In summary, while the base model has a large potential context window, the `max_seq_length` during finetuning is often set based on a balance of available computational resources, memory constraints, the specific requirements of the finetuning task, and the characteristics of the training data. 2048 is a common and practical choice for many finetuning scenarios on typical hardware.

## `get_peft_model()` function explained

*   **`model`**: The base language model object you loaded previously (`meta-llama/Llama-3.2-3B` in this case).
*   **`r = 16`**: This is the "rank" of the low-rank matrices used in LoRA. A higher rank means more trainable parameters and potentially more expressiveness, but also higher memory usage and slower training. A value of 16 is a common starting point and often provides a good balance.
*   **`target_modules = target_modules`**: This specifies the list of module names where the LoRA adapters will be inserted.
*   **`lora_alpha = 16`**: This is a scaling factor for the LoRA weights. A higher `lora_alpha` gives more weight to the LoRA adaptations compared to the original pre-trained weights. A value equal to `r` (16 in this case) is a common practice.
*   **`lora_dropout = 0`**: This sets the dropout rate for the LoRA layers. Dropout is a regularization technique to prevent overfitting. Setting it to 0 means no dropout is applied to the LoRA layers. Unsloth documentation often suggests 0 for better performance.

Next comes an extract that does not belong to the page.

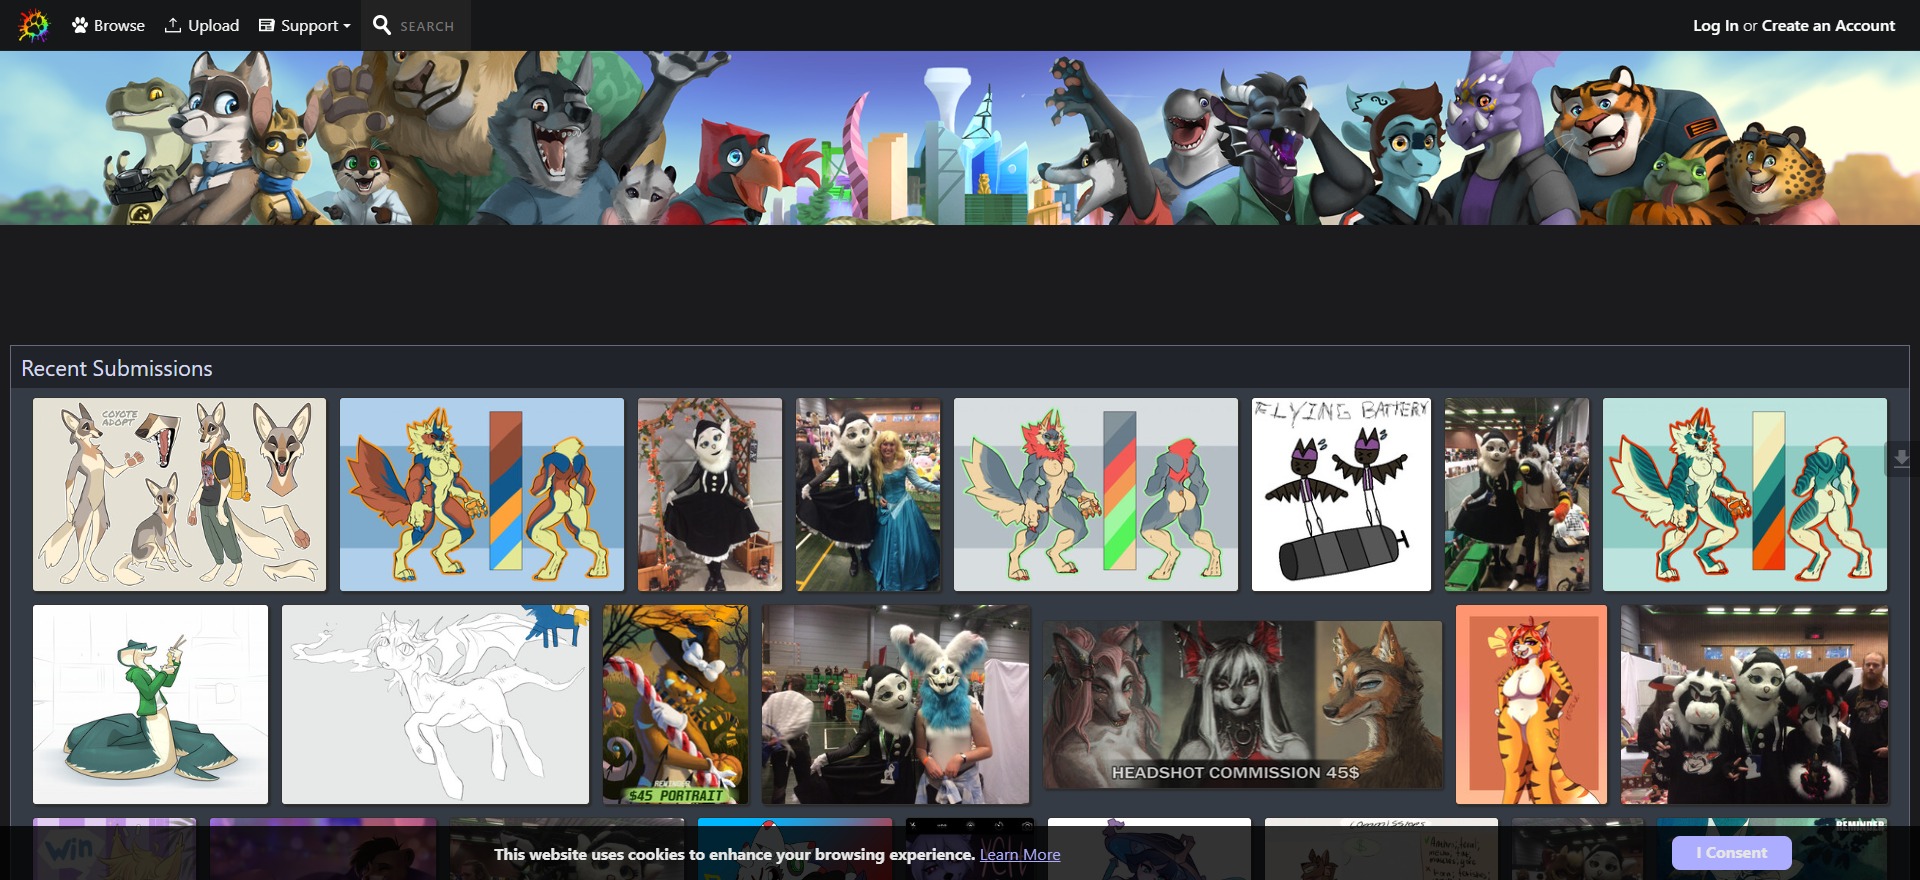 Furaffinity: Everything You Need to Know
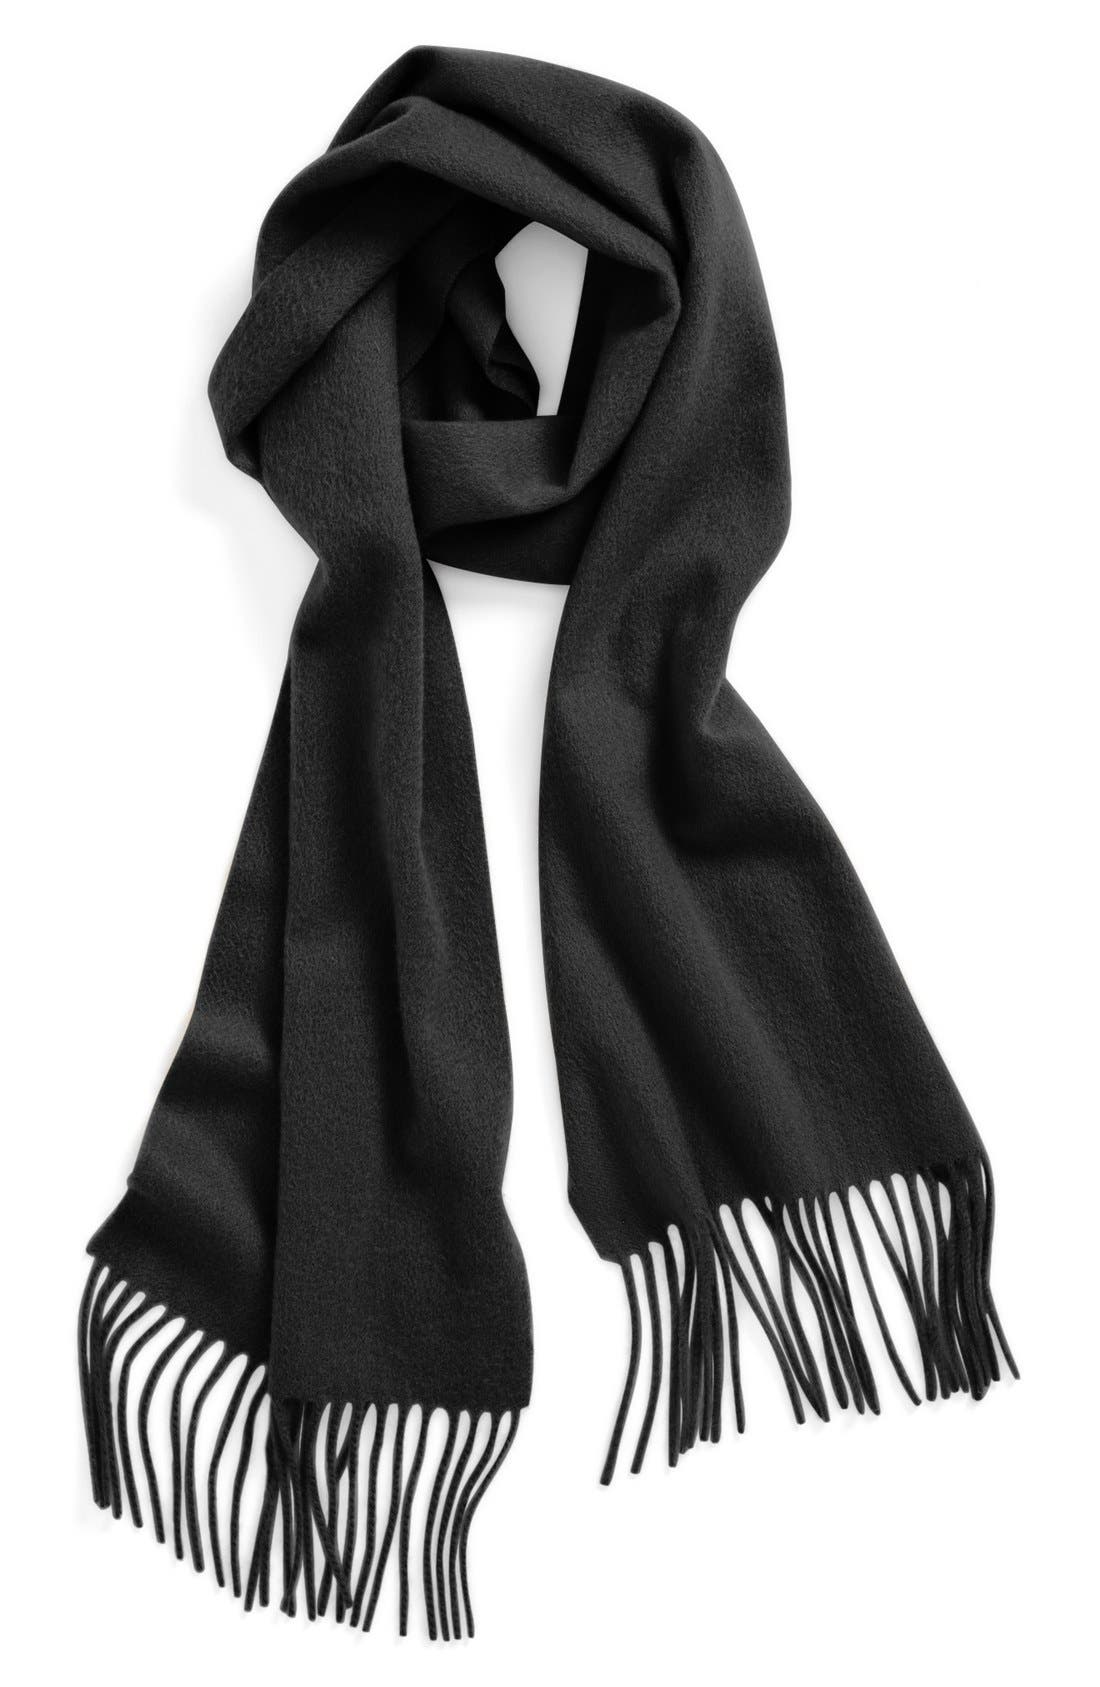 Nordstrom Solid Woven Cashmere Scarf

*   **`bias = "none"`**: This specifies whether bias terms should be trained alongside the LoRA weights. Setting it to `"none"` means no bias terms are trained, which is often recommended for LoRA.
*   **`use_gradient_checkpointing = "unsloth"`**: This enables gradient checkpointing, a technique that reduces memory usage during training by recomputing gradients for certain layers instead of storing them. Setting it to `"unsloth"` uses Unsloth's optimized implementation of gradient checkpointing, which is particularly useful for long sequences.
*   **`random_state = 3407`**: This sets the random seed for reproducibility.
*   **`use_rslora = False`**: RSLora is a variation of LoRA that scales `lora_alpha` with `1/sqrt(r)`. Setting it to `False` uses the standard LoRA scaling.
*   **`loftq_config = None`**: LoftQ is a method that can be used with LoRA for quantization-aware finetuning. Setting it to `None` means LoftQ is not used.